On Thu, Dec 10, 2015 at 10:46 PM, Tom Morris <[email protected]> wrote:

> On Wed, Dec 9, 2015 at 5:30 AM, Sriranga(83yrsold) <
> [email protected]> wrote:
>
>> Tom,
>> thanks for the hints. Just now I tested the eng.unicharambigs created by
>> me and found workable. - attached files will speak itself.
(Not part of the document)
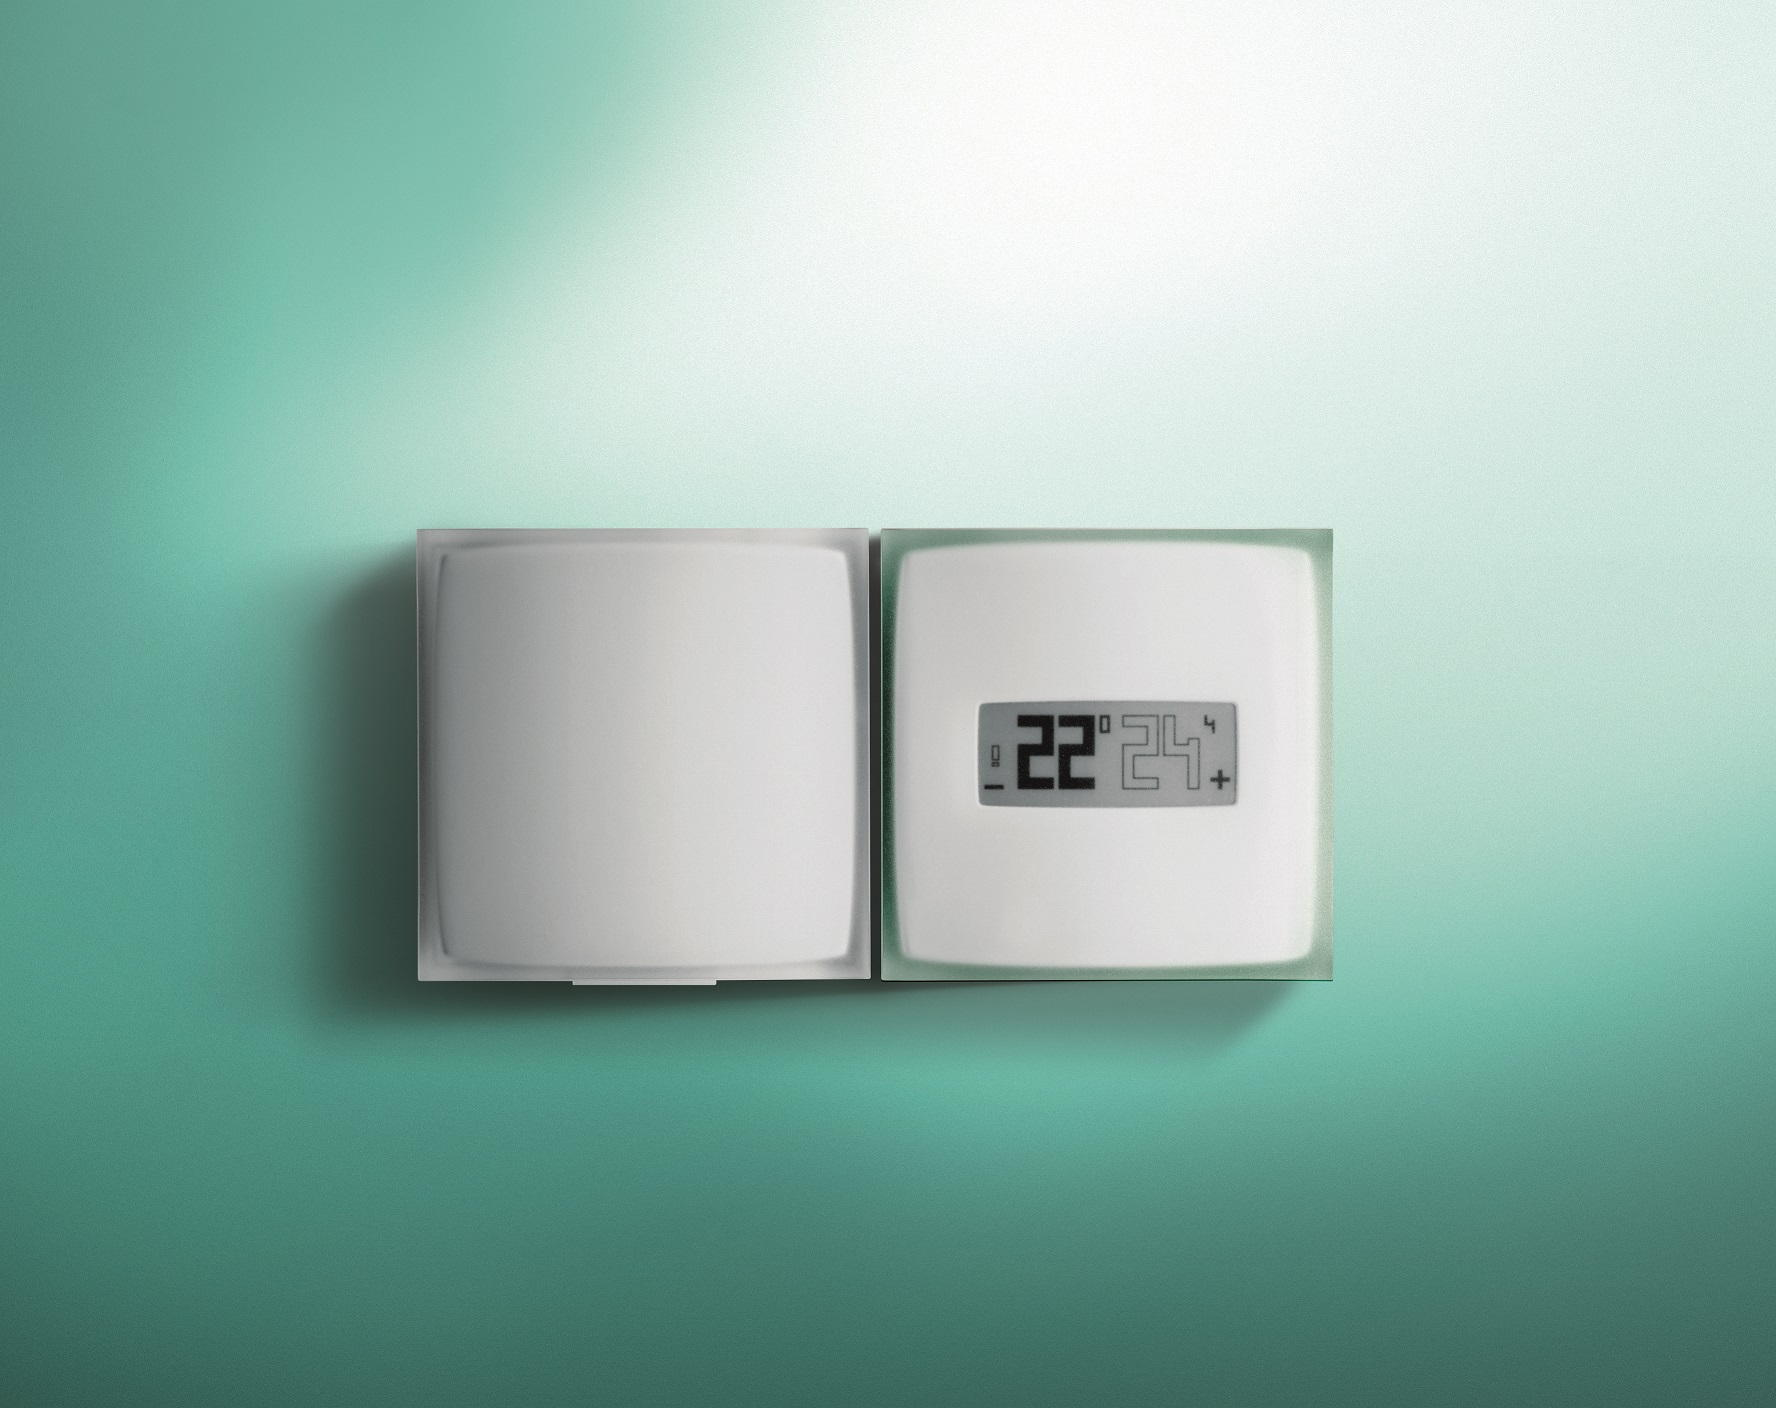 Termostato programador semanal wifi vaillant for Termostato caldera wifi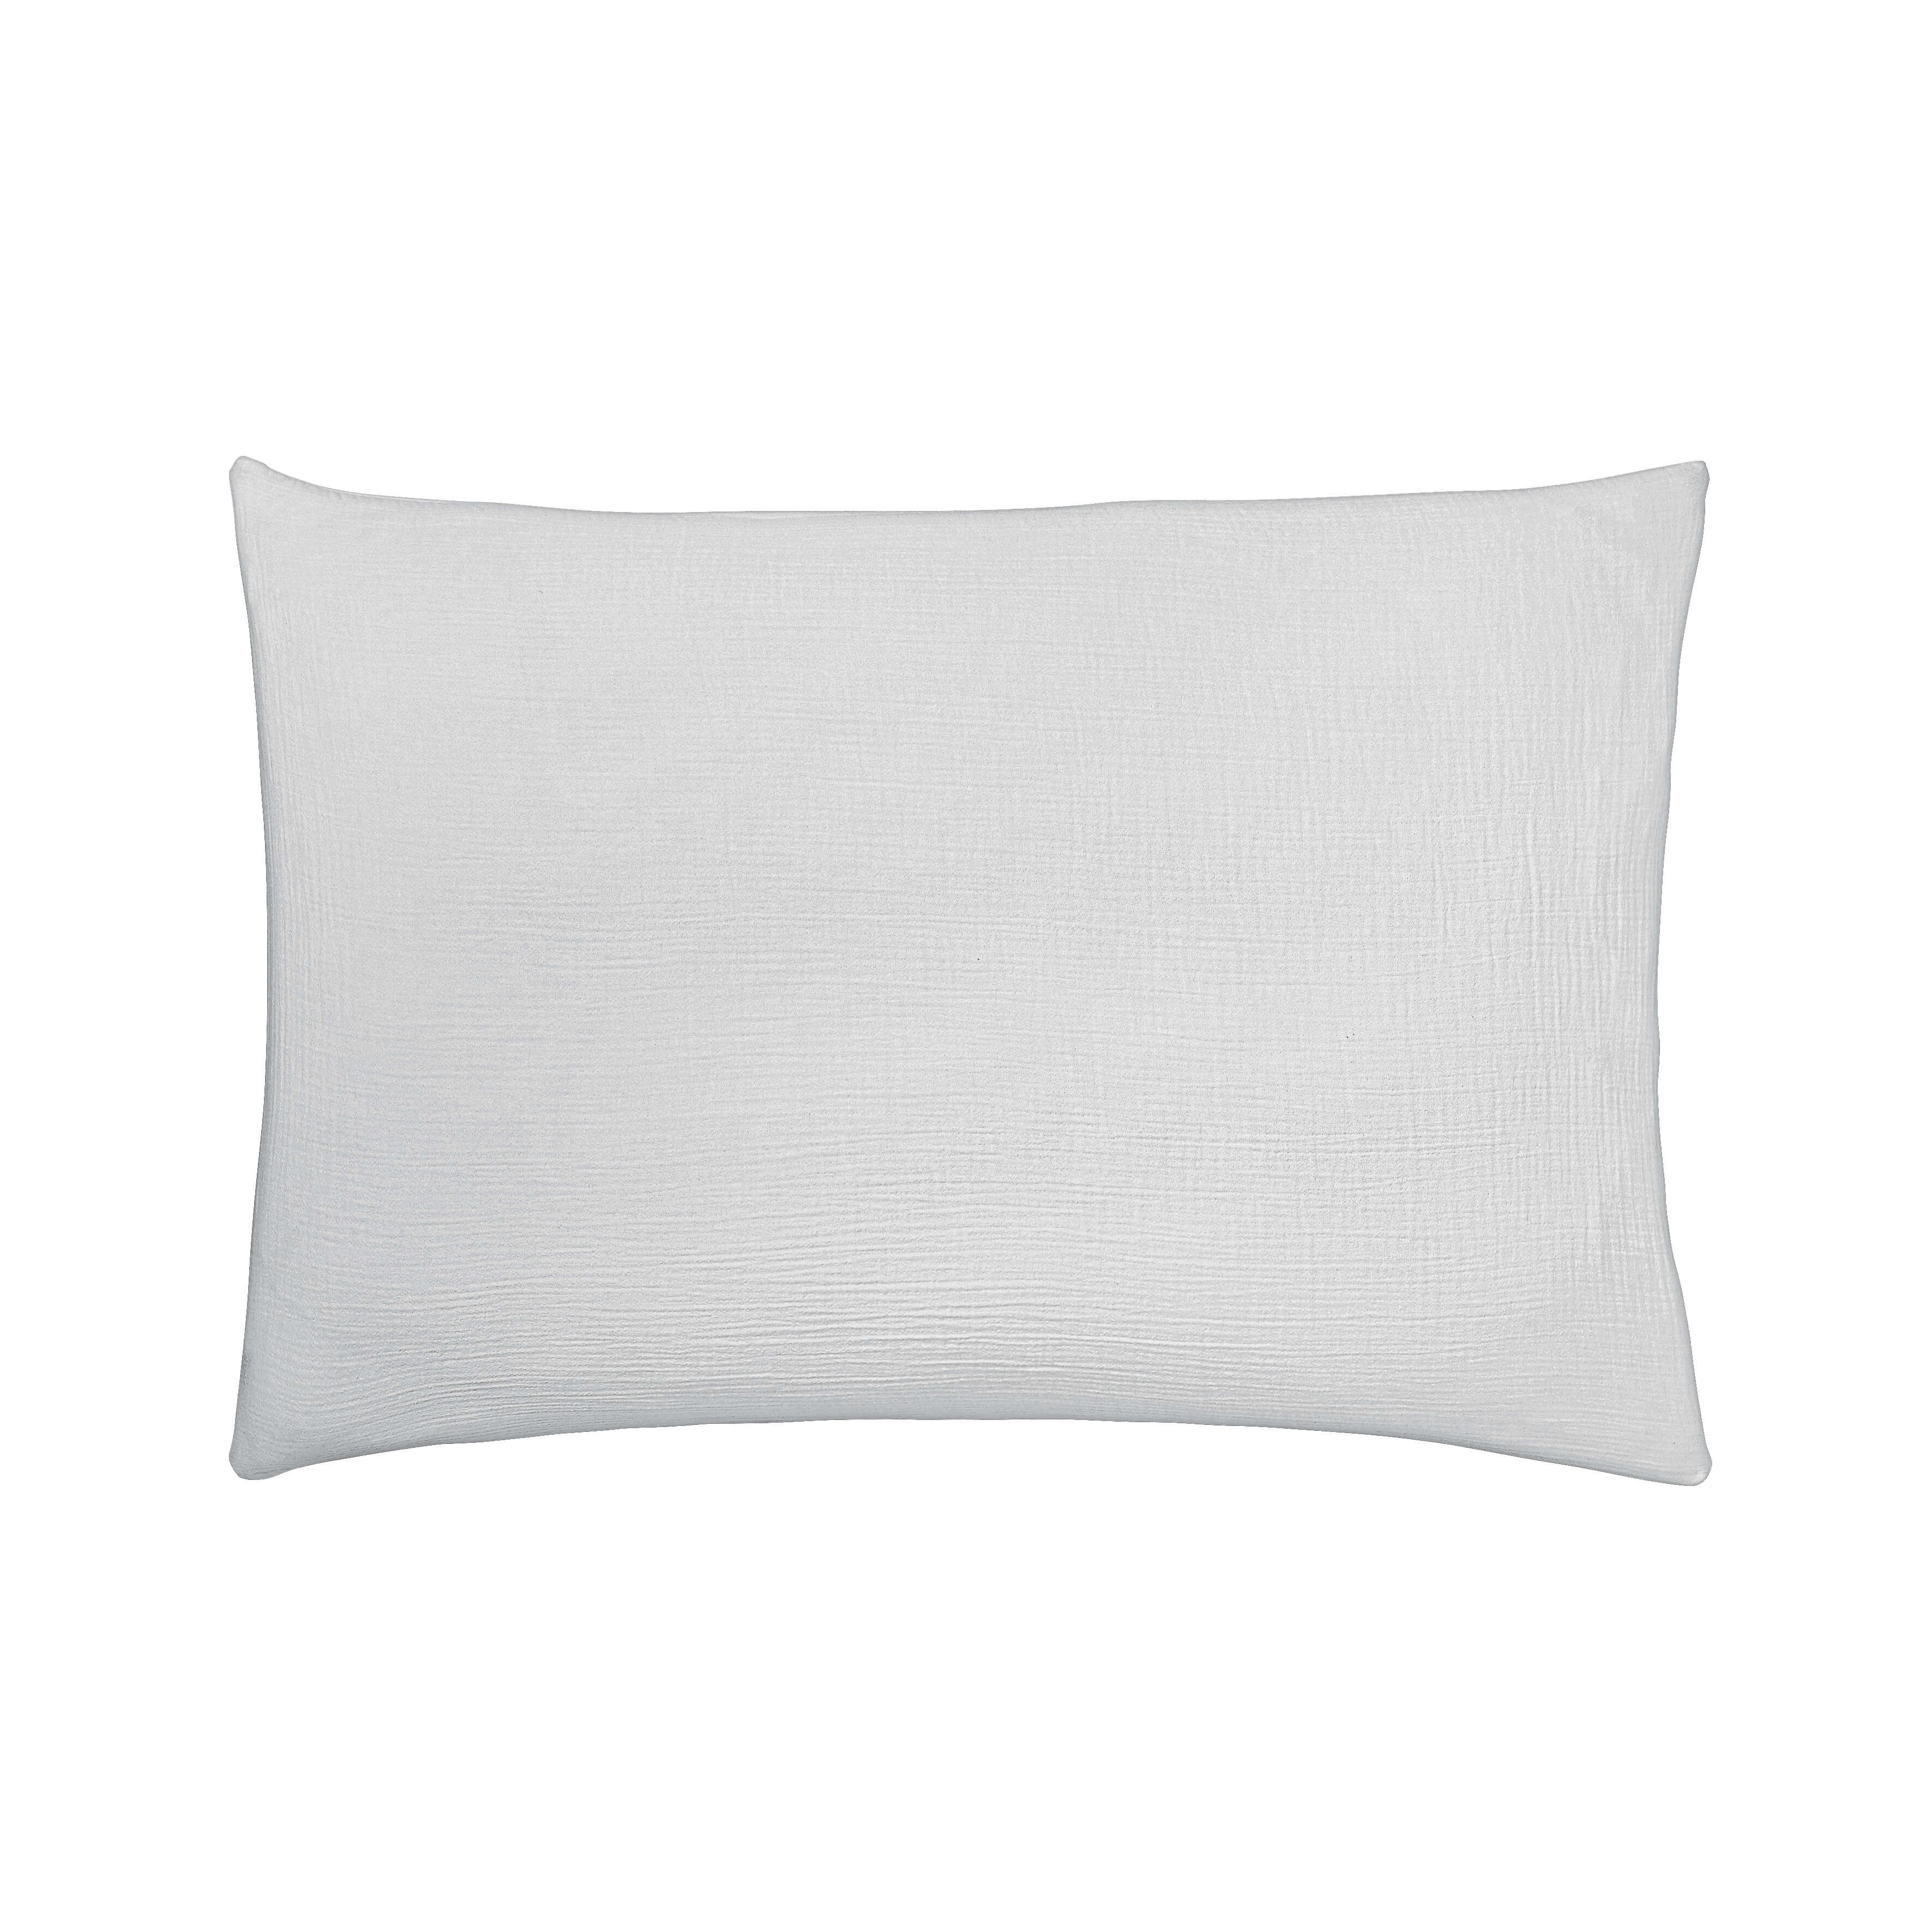 Taie d'oreiller rectangle brume en coton gris 50x75

I am happy to
>> note that eng.unicharambigs works fine. also attached output
>> "unicharamtest.txt" for perusal - in which however I noticed that last line
>> "luck good" did not changed to "good luck" - where I made mistake?
>>
>
> This mechanism is really intended to fix a small number of characters, not
> reorder entire word strings.  The "good luck" case may be running into the
> maximum string size (10) limit, depending on whether or not the count
> includes the string terminator, but whatever the cause of the failure
> there, is not a very realistic use case.  I would focus on the actual texts
> that you're trying to correct.
>
> Tom
>
>
>> your suggested sentence
>> "Novv is the time to go dovvn" also corrected. Please note I regenerated
>> eng.traineddata  in ubuntu 15.10.
>> With regards, sriranga(83ys)
>>
>> On Wed, Dec 9, 2015 at 12:04 AM, Tom Morris <[email protected]> wrote:
>>
>>> FreeOCR is closed source and Windows only, so it's difficult for me to
>>> tell what it's doing (or even what version of Tesseract it includes).
>>> However, the test case that you're using doesn't appear realistic.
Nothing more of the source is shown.